By Donna Gehrke-White, Sun Sentinel
The high cost of living in South Florida leaves people more vulnerable to a financial crisis than anywhere in the country, a new study concludes.
Of the nation's 35 largest metros, the tri-county area has the highest percentage of households that don't have enough cash or other liquid assets to pay for three months of expenses, according to data compiled by the Corporation for Enterprise Development, a non-profit in Washington, D.C., that promotes economic opportunity for families.
Some 48.9 percent of families in Broward, Palm Beach and Miami-Dade counties don't have $5,876 in bank, investment and retirement accounts — the amount the study says even an impoverished family of four needs for three months of expenses.
"Five years into the economic recovery, most American families no longer live in fear of losing their jobs or their homes," the study says. "Yet, these families continue to exist in a state of persistent financial insecurity, making it difficult to look beyond immediate needs and plan for a more secure future."
Nearly half of South Floridians stand one financial emergency away from poverty, researchers concluded, based on census data.
Many families take home $50,000 to $75,000 a year — well above South Florida's $46,946 median income — but they have little to no savings, said Lebaron Sims, research manager for the Corporation for Enterprise Development, which partnered with nonprofits Citi Community Development and Catalyst Miami to conduct the study.

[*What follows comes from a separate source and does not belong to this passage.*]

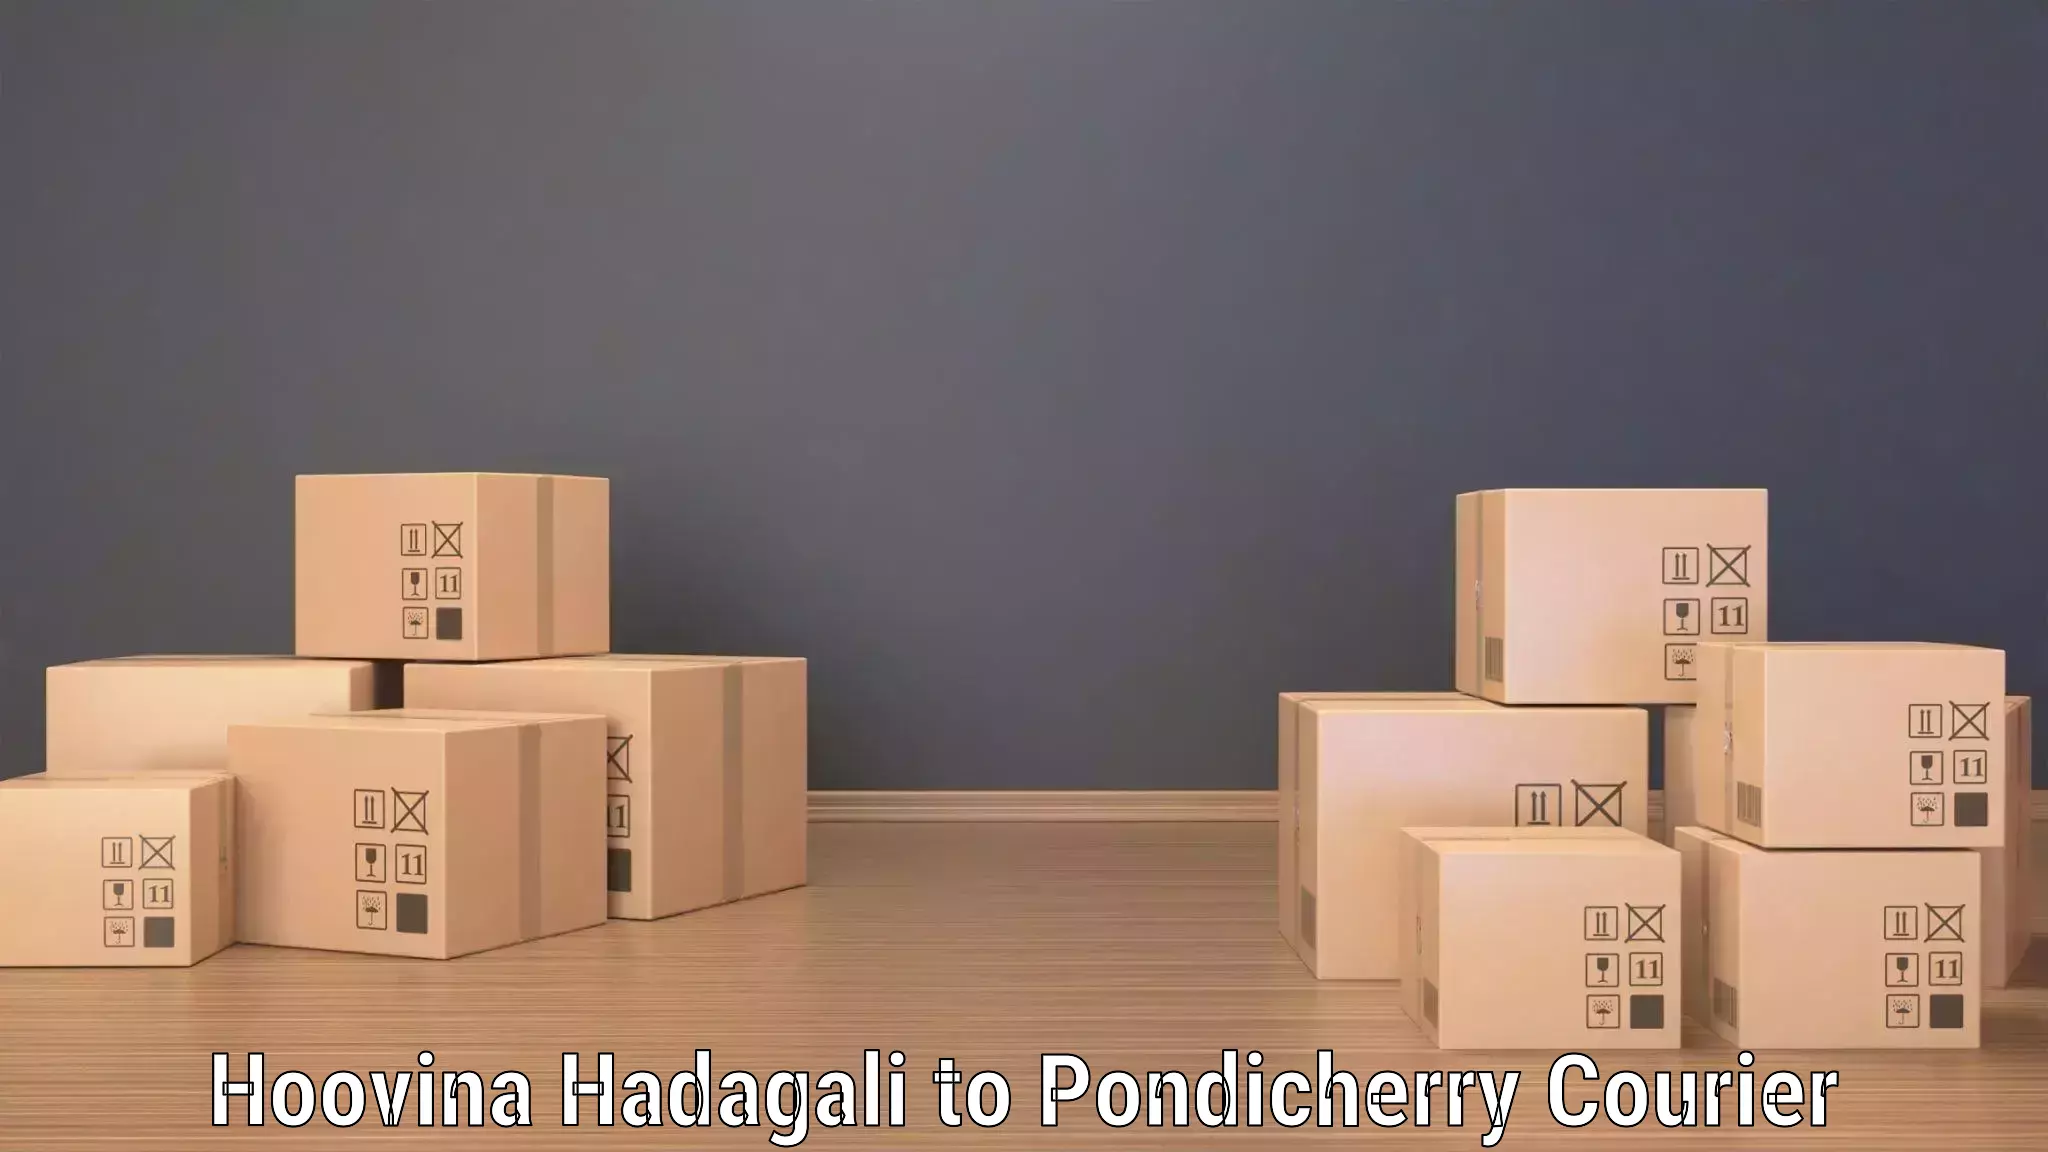 Efficient parcel service Hoovina Hadagali to Metttupalayam

The cost of living in South Florida consumes their paychecks, he said. "It's just not the people on the fringes. It's your neighbors," Sims said.
Miami-Dade families face the toughest challenge, Nearly six of 10 households in the county are cash poor, the report found.
Forty-five percent of the households in Broward County and 38 percent in Palm Beach County fall into that category, according to the research.
Housing costs prevent many people from building cash reserves, Sims said.
The cost of housing in South Florida averages $16,212 annually, accounting for nearly 40 percent of an average household's expenses, compared with 33.2 percent nationally, according to the U.S. Bureau of Labor Statistics.
Sarah Nunez, a Hair Cuttery hairdresser in Southwest Ranches, says she can't afford to live near her job. So she lives in a two-bedroom, one-bath apartment in Hialeah with her daughter and parents. Her rent in the past two years has risen $200 to $1,050 a month, Nunez said.
Higher costs mean she has to go without to pay her bills. The single mom would like, for example, to buy a $40 pair of shoes for work, but "I can't even afford them." She said she recently had to borrow money to pay living expenses, promising to pay friends back when she gets her income tax refund. "It's crazy," she said.
The housing bust in South Florida created economic stress not just for owners forced out of homes but for all renters who face rising rent, researcher Sims said.
Apartment rents in the West Palm Beach area rose 9.1 percent in November from the year before, according to Axiometrics, a rental housing analyst in Dallas. Rents in the Fort Lauderdale area rose 6.1 percent. Both surpassed the national average of 4.7 percent, Axiometrics said in a study released Tuesday.
Landlords are able to raise rents easily because rental units are in high demand, said Axiometrics spokesman Ross Coulter. Apartments in both counties are about 95 percent full, he said.
Greg Goodman of Delray Beach said he sold his condo unit at a loss last year and ended up renting — only to find his complex wanted to raise his monthly rent this year by $200. "I said you've got to be kidding me," said Goodman, a communications manager. He said he negotiated an increase of less than half what the complex originally asked for.
He said he still must watch his expenses closely.
Overall, inflation here runs ahead of the nation's. South Florida's consumer price index for all urban consumers increased 2.2 percent in October from a year ago, compared with the nation's 1.7 percent rise for the same period, according to the latest statistics from the U.S. Bureau of Labor Statistics.